What is computation with information described in natural language? Here are simple examples. I am planning to drive from Berkeley to Santa Barbara, with stopover for lunch in Monterey. It is about 10 am. It will probably take me about two hours to get to Monterey and about an hour to have lunch. From Monterey, it will probably take me about five hours to get to Santa Barbara. What is the probability that I will arrive in Santa Barbara before about six pm? Another simple example: A box contains about twenty balls of various sizes. Most are large. What is the number of small balls? What is the probability that a ball drawn at random is neither small nor large? Another example: A function, f, from reals to reals is described as: If X is small then Y is small; if X is medium then Y is large; if X is large then Y is small. What is the maximum of f? Another example: Usually the temperature is not very low, and usually the temperature is not very high.
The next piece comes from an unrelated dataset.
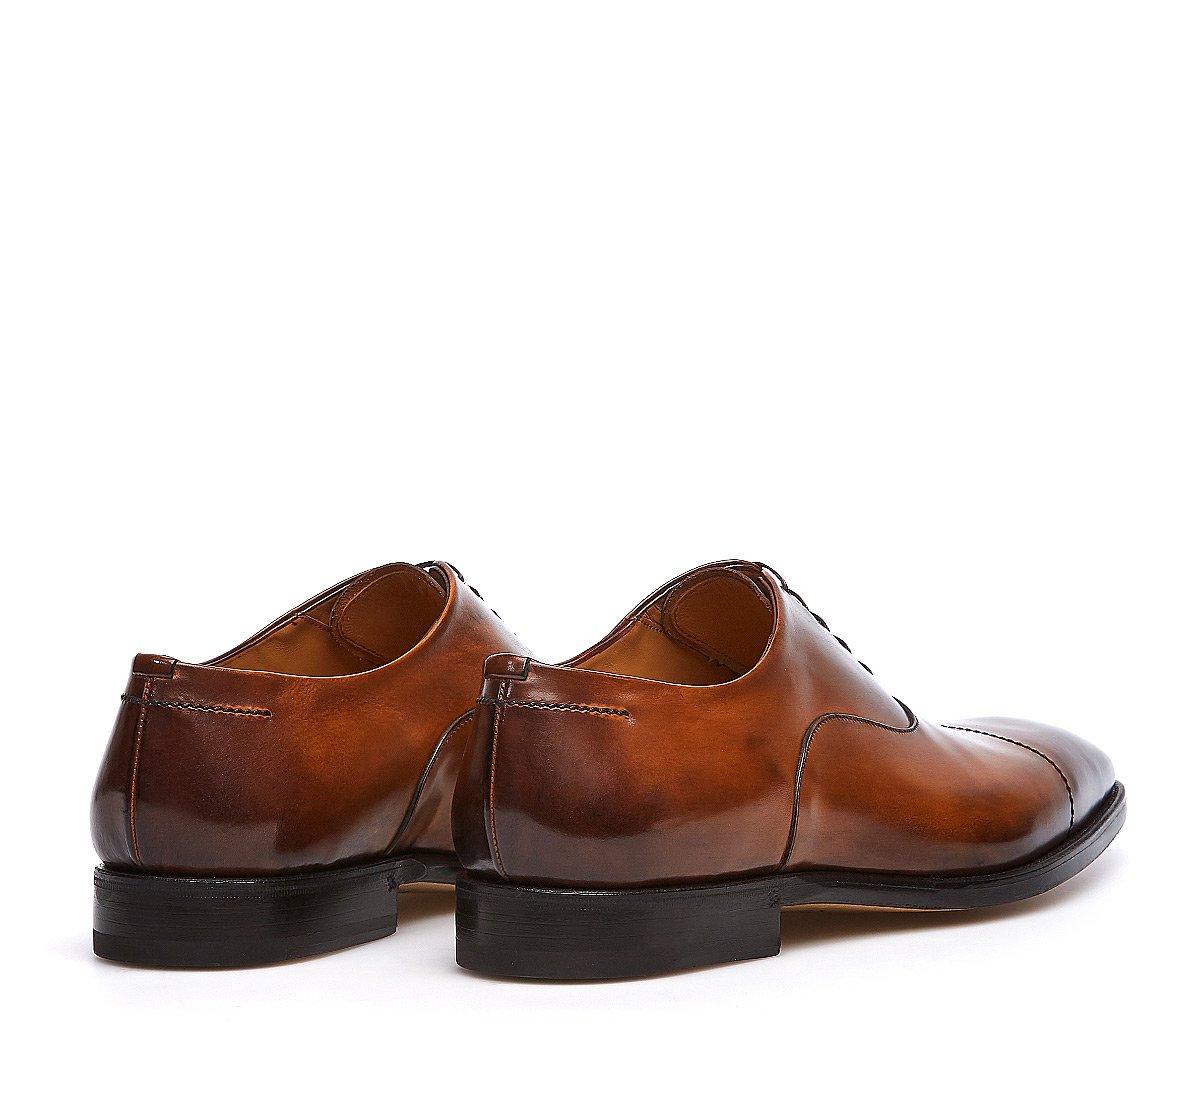 Мужские туфли Flex из телячьей кожи ручного дубления

What is the average temperature? Another example: Usually most United Airlines flights from San Francisco leave on time. What is the probability that my flight will be delayed?
Computation with information described in natural language is closely related to Computing with Words. NL-Computation is of intrinsic importance because much of human knowledge is described in natural language. This is particularly true in such fields as economics, data mining, systems engineering, risk assessment and emergency management. It is safe to predict that as we move further into the age of machine intelligence and mechanized decision-making, NL-Computation will grow in visibility and importance.
Computation with information described in natural language cannot be dealt with through the use of machinery of natural language processing. The problem is semantic imprecision of natural languages. More specifically, a natural language is basically a system for describing perceptions. Perceptions are intrinsically imprecise, reflecting the bounded ability of sensory organs, and ultimately the brain, to resolve detail and store information. Semantic imprecision of natural languages is a concomitant of imprecision of perceptions.
Our approach to NL-Computation centers on what is referred to as generalized-constraint-based computation, or GC-Computation for short. A fundamental thesis which underlies NL-Computation is that information may be interpreted as a generalized constraint. A generalized constraint is expressed as X isr R, where X is the constrained variable, R is a constraining relation and r is an indexical variable which defines the way in which R constrains X. The principal constraints are possibilistic, veristic, probabilistic, usuality, random set, fuzzy graph and group. Generalized constraints may be combined, qualified, propagated, and counter propagated, generating what is called the Generalized Constraint Language, GCL. The key underlying idea is that information conveyed by a proposition may be represented as a generalized constraint, that is, as an element of GCL.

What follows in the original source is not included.